Iowa State engineers designed this proof-of-concept perovskite solar cell within their lab for research. Credit: Harshavardhan Gaonkar
Due to their crystal structure and electro-optical properties that are promising, Perovskites could be the key ingredient in future generations of cheap, efficient, light, and flexible solar cells.
The issue with the current technology of the silicon solar cell is its low efficiency in the conversion of solar energy into electricity, as per Vikram Dalal. She is the Iowa State University Anson Marston Distinguished Professor of Engineering, Thomas M. Whitney Professor in Electrical and Computer Engineering, and the Iowa State’s Microelectronics Research Center director.
The most efficient silicon solar cells in the lab are 26% efficient. Commercial cells are around 15 percent. The bigger the system, the more needed to produce a specific power, and bigger systems can mean higher prices.
Researchers are seeking new methods to increase efficiency and reduce costs. One possibility that could increase efficiency up to 50 percent is a tandem structure that layers two kinds of cells over one another, each using different and complementary components of the spectrum of solar energy to generate energy.
Perovskite promise, problems
Researchers are currently investigating hybrid organic-inorganic materials that could be a great companion for silicon cells. Perovskite cells are efficient to the tune of 25%, possess the benefit of a complementary bandgap, and are extremely thin (just one-millionth of a millimeter), and easily be placed on silicon.
However, Dalal claimed that researchers have discovered that these hybrid solar cells disintegrate when exposed to extreme temperatures.
This is a problem when installing solar panels where the sun is hot and deserts like those in American southwest Australia and Australia, the Middle East, and India. Temperatures in these regions can reach between 120 and 130 degrees Fahrenheit, while the solar cell’s temperature can exceed 200 degrees Fahrenheit.
As part of a project partly funded through the National Science Foundation, Iowa State University engineers have discovered a way to make use of the properties of perovskite while also stabilizing cells at high temperatures.
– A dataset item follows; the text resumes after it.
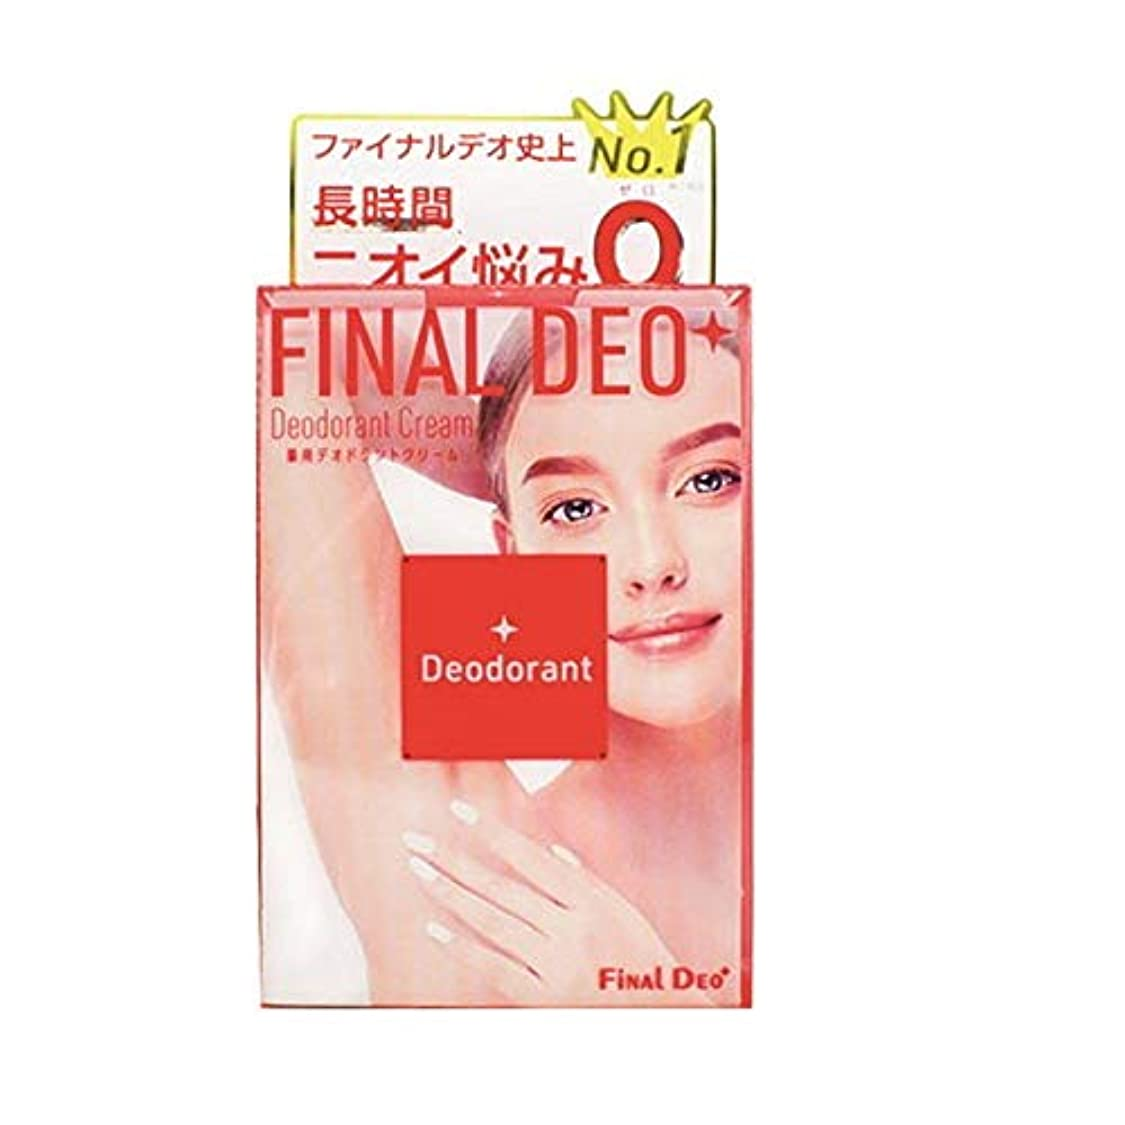 前売誇りに思うハチ【医薬部外品】薬用デオドラントクリーム ファイナルデオプラス 10g

They present their findings in a recent paper published in the journal who is the paper’s primary author. Gaonkar recently earned an engineering doctorate at Iowa State and is now working in Boise, Idaho, as an engineer for ON Semiconductor.
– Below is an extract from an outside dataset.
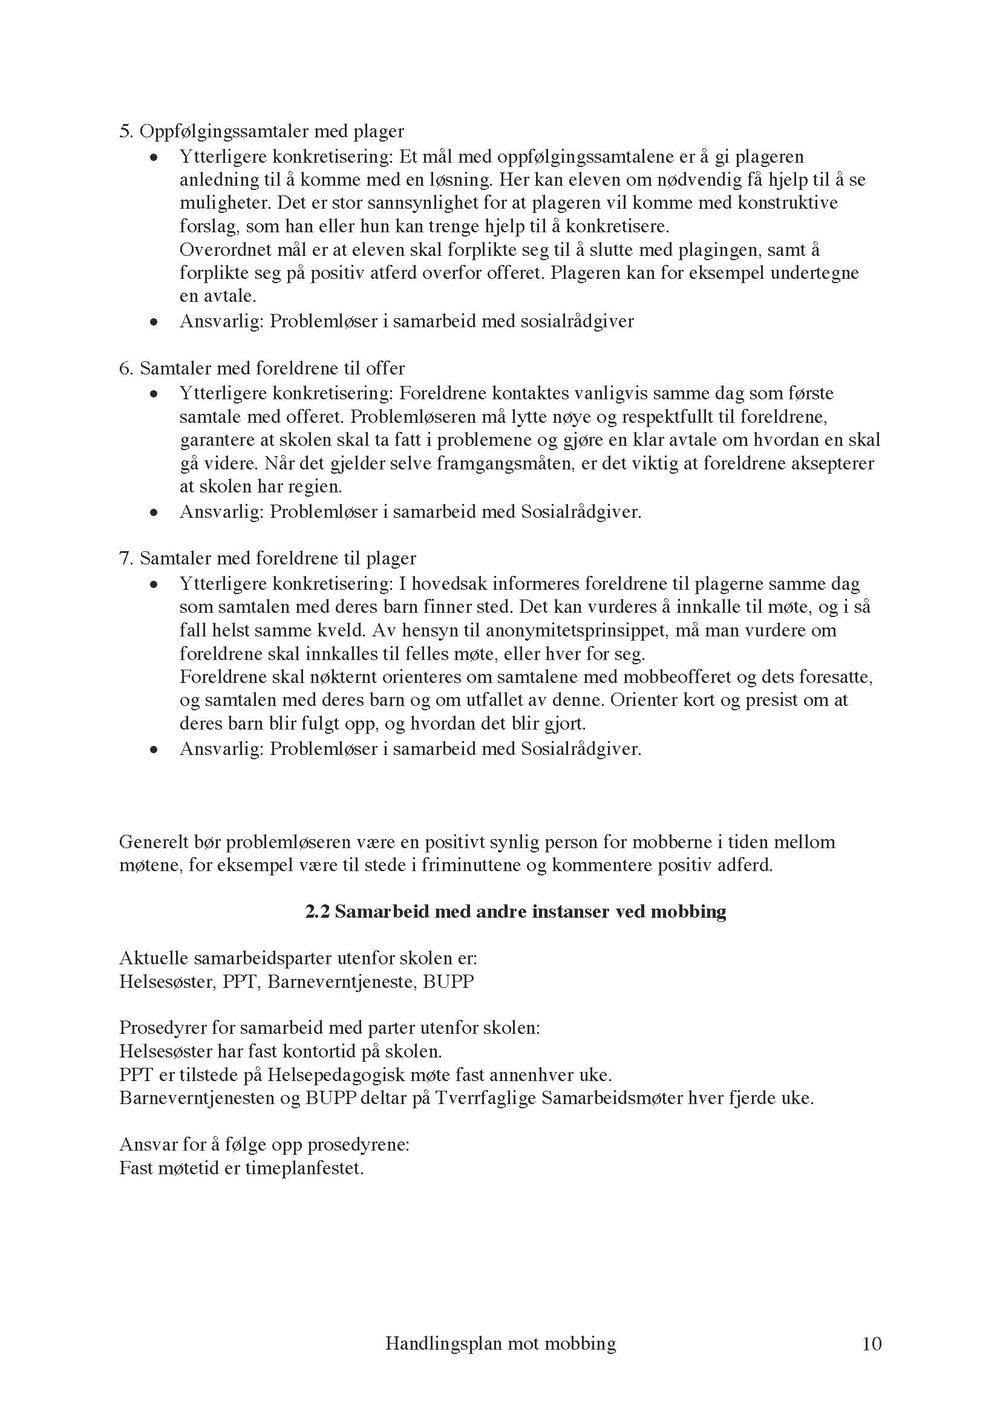 Handlingsplan mot mobbing _Page_10.jpg

The material can be altered by tweaking it.
Dalal, the co-author of the research paper, stated two important innovations in the new technique for solar cells.
In the beginning, he stated that engineers tweaked the structure of the perovskite materials.
They removed organic elements in the material, particularly Cations, which have additional protons and positive charges, and replaced them with inorganic ones like cesium. The material was then solid at higher temperatures.
They also developed an elaboration technique that creates the perovskite material in a thin layer – one billionth of a millimeter at one time. The vapor deposition method is reliable, does not leave behind pollutants, and is employed in other industries, making it scalable to commercial production.
What is the result of these changes?
“Our perovskite solar cells show no thermal degradation even at 200 degrees Celsius (390 degrees Fahrenheit) for over three days, temperatures far significantly more than what the solar cell will have to endure in real-world environments,” Gaonkar stated.
Then Dalal conducted a bit of comparison and contrast: “That’s far better than organic perovskite-like cells which would have completely decomposed in this condition at the temperature. It’s a significant advancement within the science.”
The paper indicates that the new inorganic solar cells with a photoconversion efficiency of 11.8 percent. That means that there’s a lot of work to be done by engineers.
“We’re now trying to optimize this cell – we want to allow it to be more effective at converting solar energy into electricity,” Dalal stated. “We still have a lot of research to complete, but we think we can make it happen by utilizing new combinations of materials.”
The engineers, fol stated. “We still have lots of research to accomplish, but we think we could make it by utilizing new combinations of materials.”
The engineers, for instance, have replaced the iodine that is commonly found in perovskite material with bromine. This made the cells less susceptible to moisture, which solved another issue with conventional hybrid perovskites. But, the change in the cell’s properties reduced efficiency and the efficiency with which they function together to silicon-based cells.
So the tests and tweaks will continue.
While they’re moving forward with their research, they believe they’re on the right track: “This study demonstrates a better quality thermal stability of inorganic perovskite materials and solar cells at higher temperatures and over extended periods than reported elsewhere,” they said in their research paper. “(These are) promising results in the quest for the commercialization of perovskite solar panel materials..”
Reference: “Thermally Stable, Efficient, Vapor Deposited Inorganic Perovskite Solar Cells” by Harshavardhan Gaonkar, Junhao Zhu, Ranjith Kottokkaran, Behrang Bhageri Max Noack and Vikram Dalal, 23 March 2020, ACS Applied Energy Materials.
Alongside Vikram Dalal, Harshavardhan Gaonkar’s research team also includes Max Noack, associate scientist; Ranjith Kottokkaran, assistant scientist; Junhao Zhu and Behrang Bagheri as graduate students.